The Intuos has a ridiculous high number of levels of pressure sensitivity, and has excellent tilt detection. As a result of all the extra additions to the tablet, I find the Intuos much easier to draw with than the Bamboo. Its work space is large and is made to correlate perfectly with a widescreen setup. This could be a potential problem for those who have standard sized displays, but since most don't, it's easily considered an advantage. The tablet is customizable, and the quick keys make for easy access to any function you'd like to set them to. The scroll wheel is wonderful for navigation and incremental changes to something; it can be used to scroll, zoom, change brush sizes, cycle layers, and various other things depending on how it's customized. The wheel can be excellently convenient when drawing. It's options are varied and the tablets applications and shortcuts can be configured to any program, and can actually be made to do different things in different programs. The pen itself has an excellent eraser on the end of it that can make drawing feel more natural in being able to simply flip the pen over and erase rather than changing the tool between the brush and the eraser. The high customization and comfort of use makes the Intuos an excellent tablet to draw with and capable of suiting the needs of different users. I have yet to come across a single problem using the tablet, though that is subject to change since I haven't had it very long.

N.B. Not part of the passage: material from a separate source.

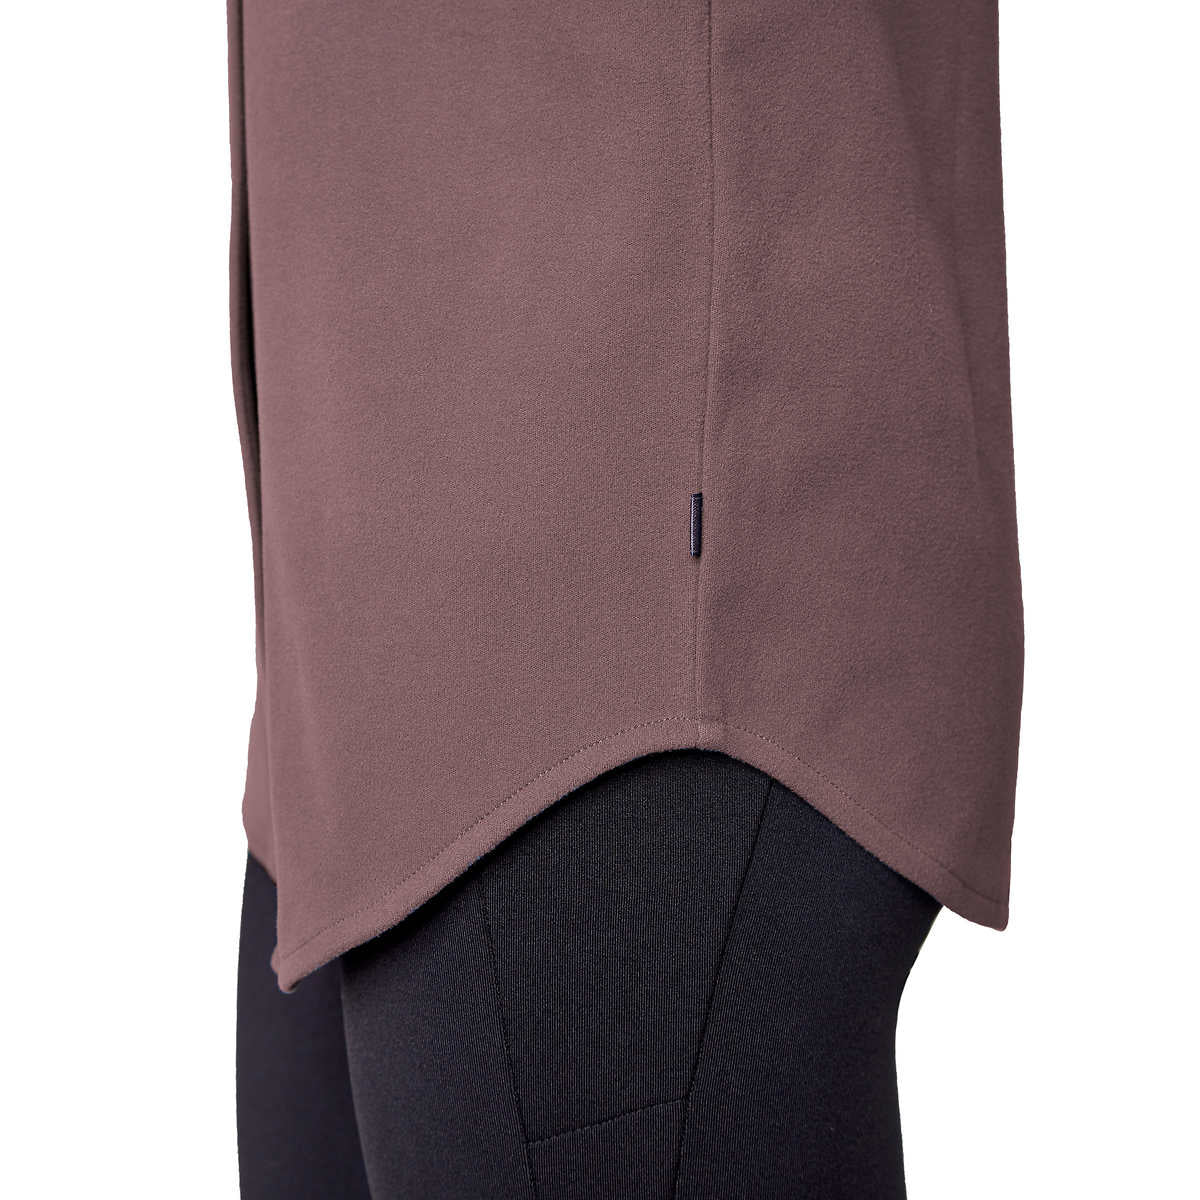 Mondetta Women's Soft Plush Cozy Moisture Wicking Snap Button Up Shirt

This was discussed in depth in the previous section, but the tablet is highly customizable and is accordingly capable of suiting the needs of the user. It can effectively do more than simply drawing, in regard to working within a program. Make no mistake, though, this is still a very specialized instrument, and the purpose is still solely the creation of art. The added features are simply conducive to making this more convenient. The tablet also comes If you buy the bundle with Corel Painter 11, the addition of a full-size, professional program is excellent.
: 4/5 if alone, 5/5 if bundled with Painter 11.

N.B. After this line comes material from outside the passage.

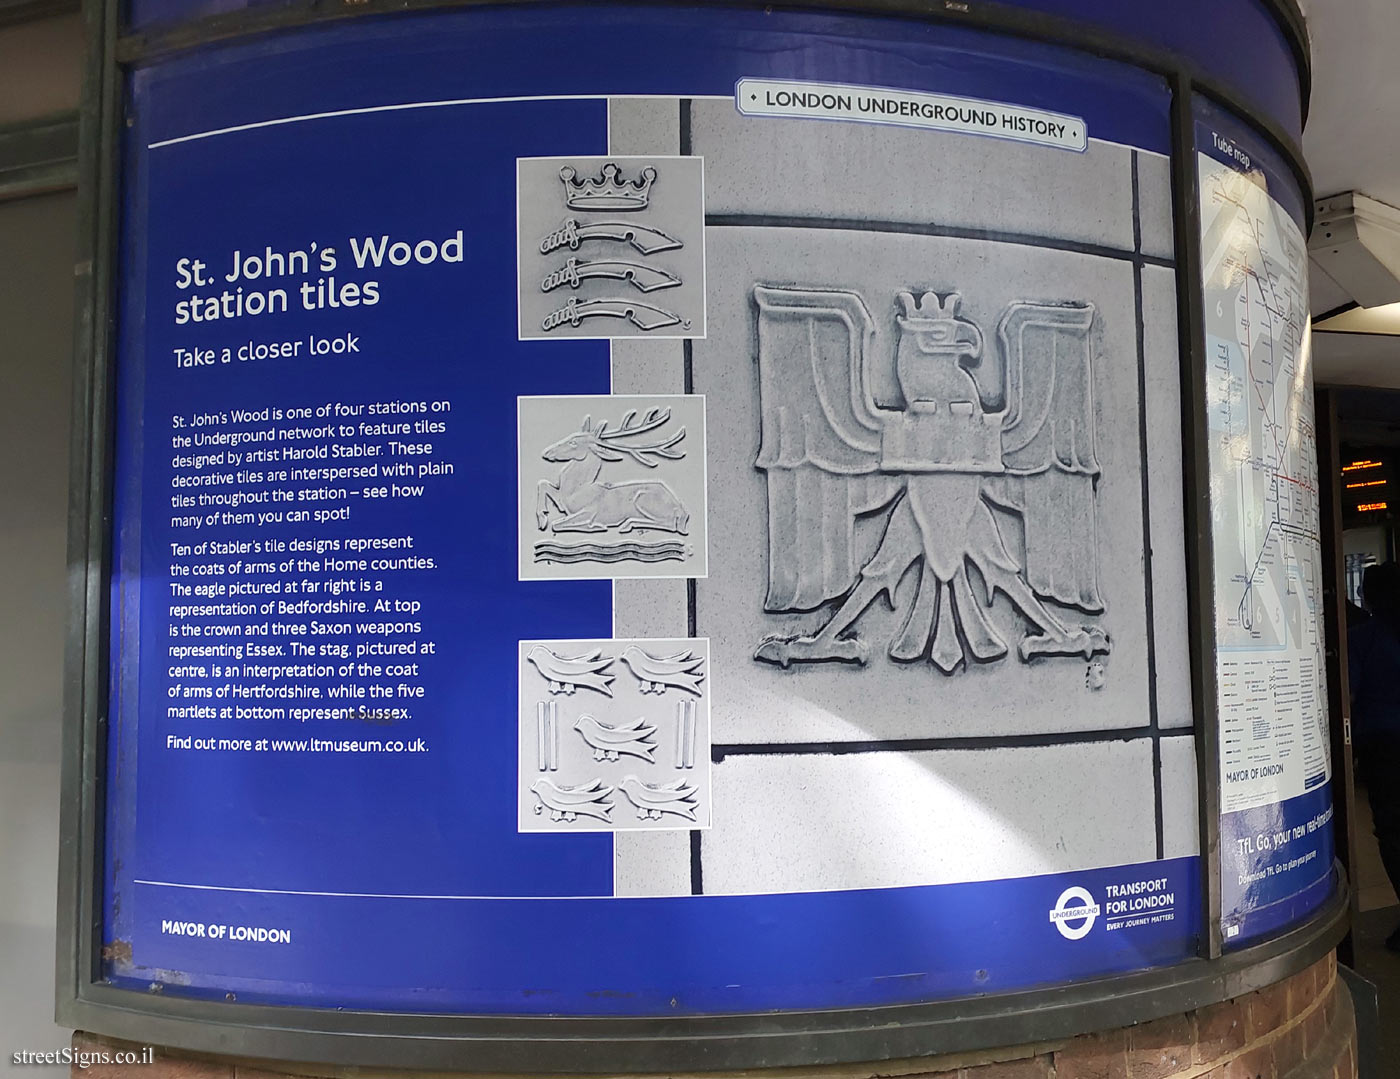 London -  London Underground History - St. John’s Wood station tiles

The tablet is excellent, but ~350 is a LOT of money. You really need to know if you want this or not before buying it, and I'd only really recommend this to people who are already used to digital media or those who already have a lot of experience and skill with art and want to go into digital work. This is a fairly serious purchase, so it should be made with care. Corel Painter 11 is a $300 program, so getting it bundled for only $50 extra is amazing. The bundle is a wonderful deal.
: 4.75 / 5
This tablet is wonderful. It's expensive, but if you know it's going to be a worthwhile purchase, it's great. My opinion could change as I use it more if I begin to run into problems, but thus far I feel that the tablet was an excellent purchase. If you like Corel Painter (it's a matter of opinion), the bundle is fantastic.